(Material provided Opens)

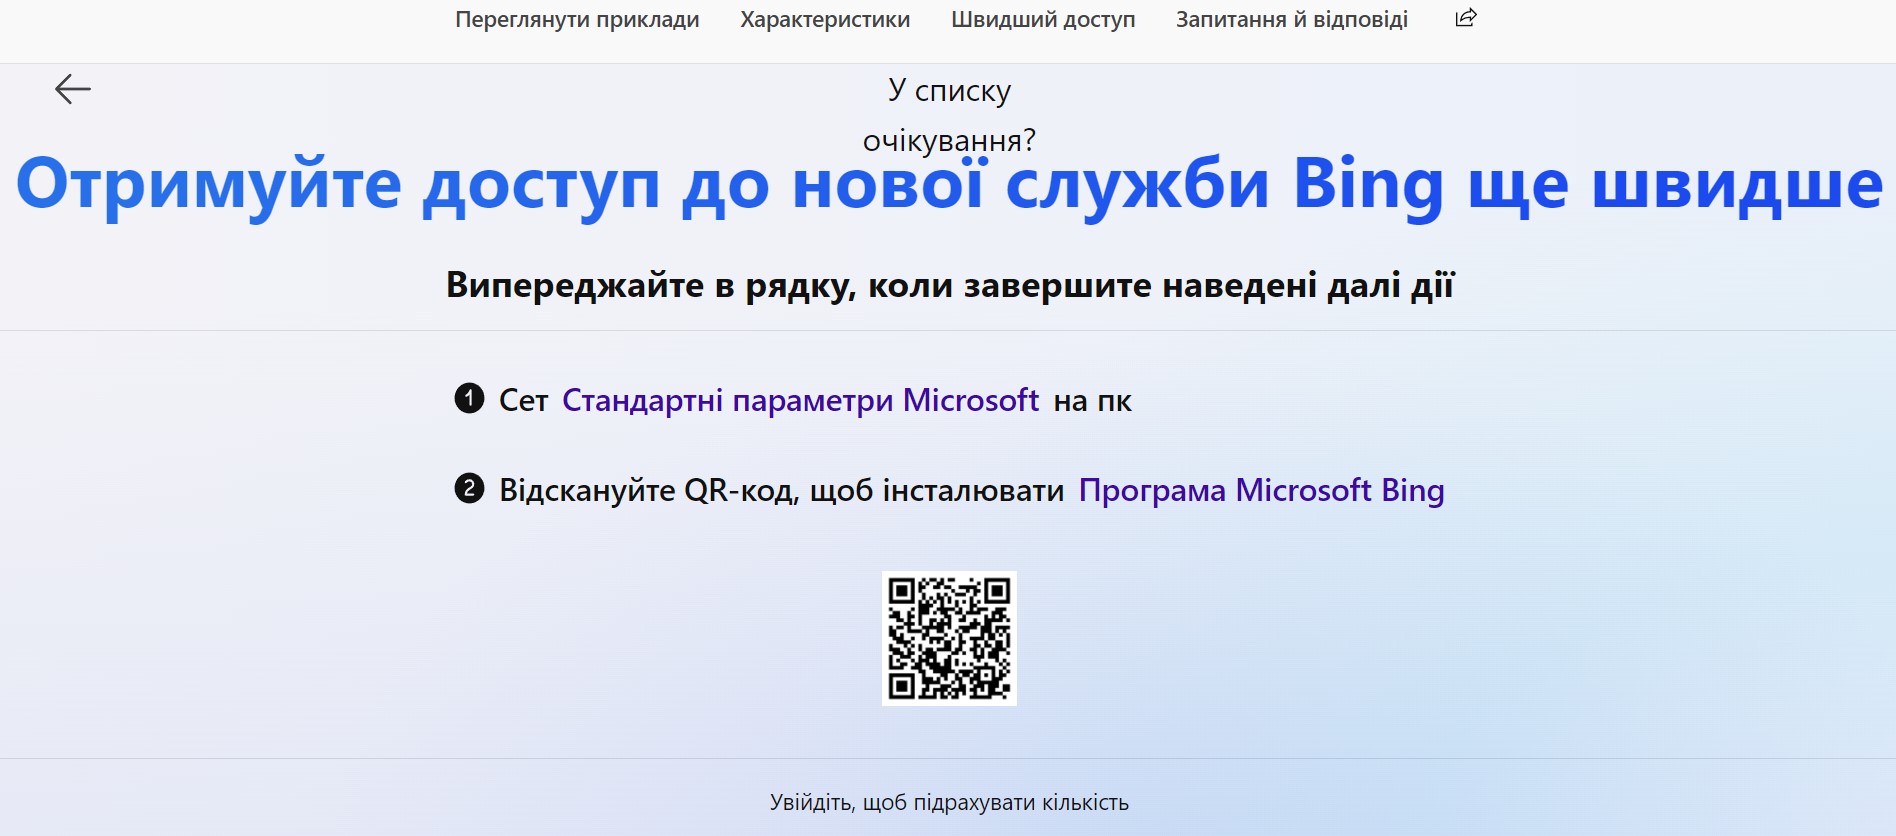 Bing — оновлений пошуковик Microsoft на базі ChatGPT — запрацював з 7 лютого. Як ним скористатися?
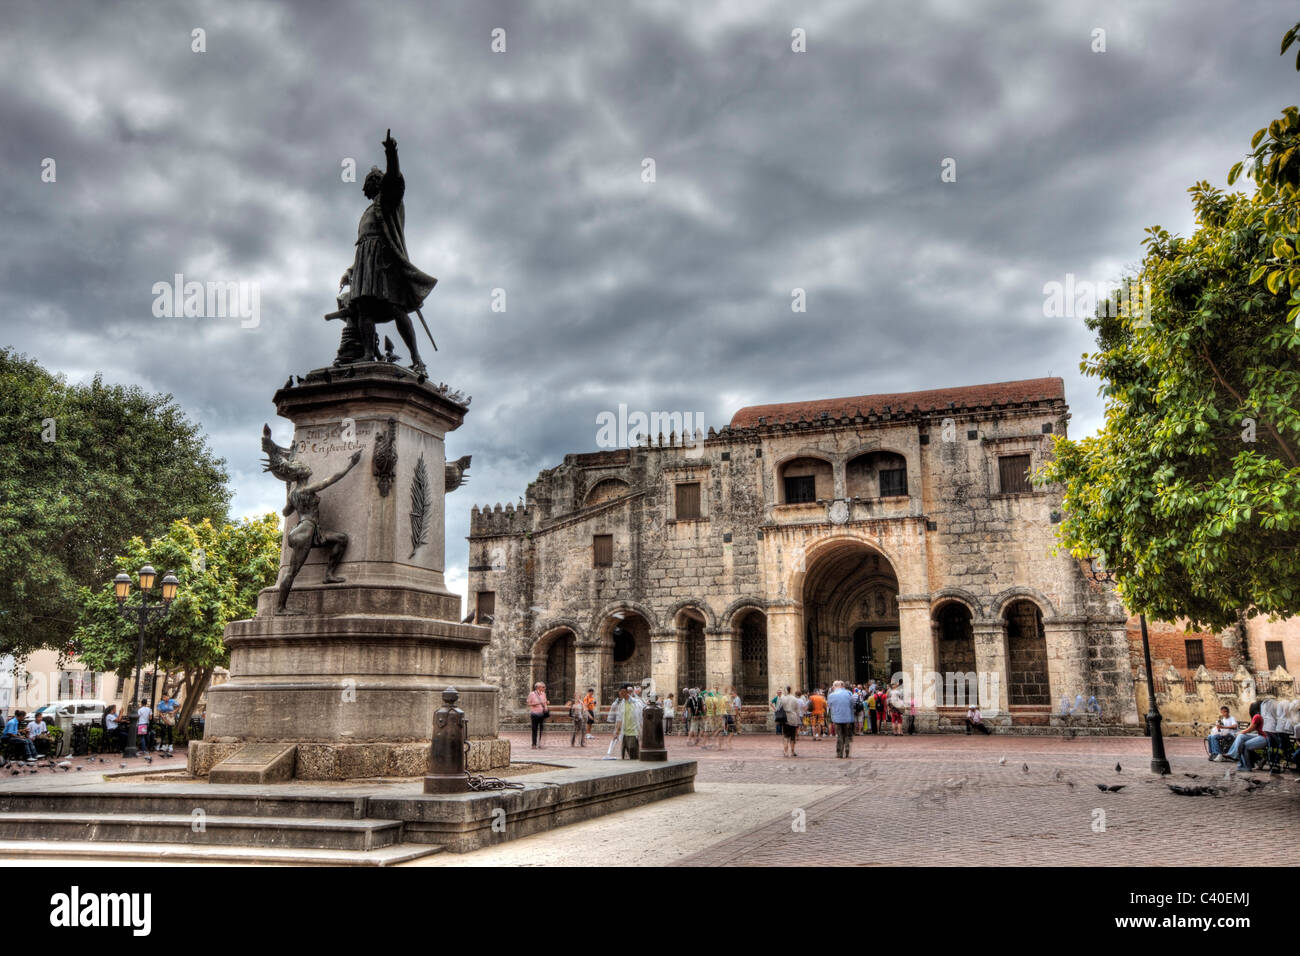 Plaza Colon with Columbus Memorial Statue and Cathedral, Santo Domingo, Dominican Republic Stock Photo
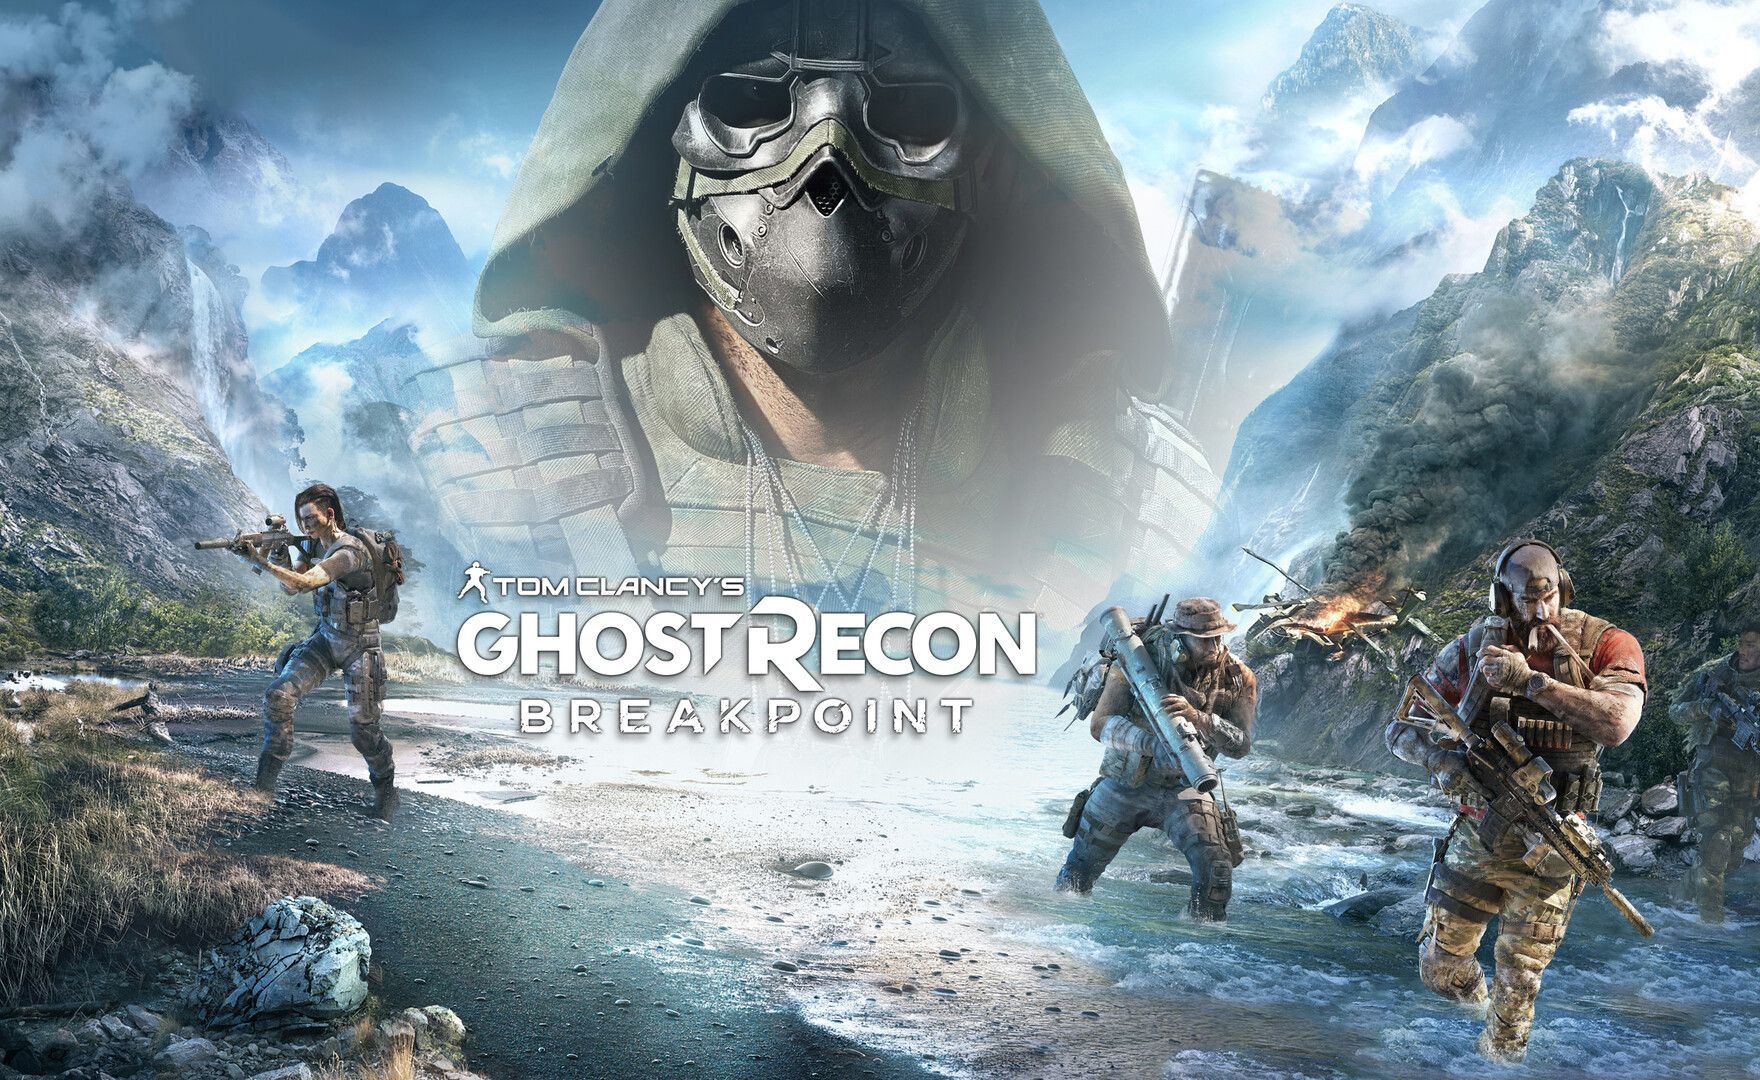 Scopriamo cos’è Ghost Recon Breakpoint nel nuovo trailer

(Material provided Closes)

--- Task directions ---
Return all the data above as written, leaving out only the pictures.

--- Result ---
 Bing — оновлений пошуковик Microsoft на базі ChatGPT — запрацював з 7 лютого. Як ним скористатися?
 Plaza Colon with Columbus Memorial Statue and Cathedral, Santo Domingo, Dominican Republic Stock Photo
 Scopriamo cos’è Ghost Recon Breakpoint nel nuovo trailer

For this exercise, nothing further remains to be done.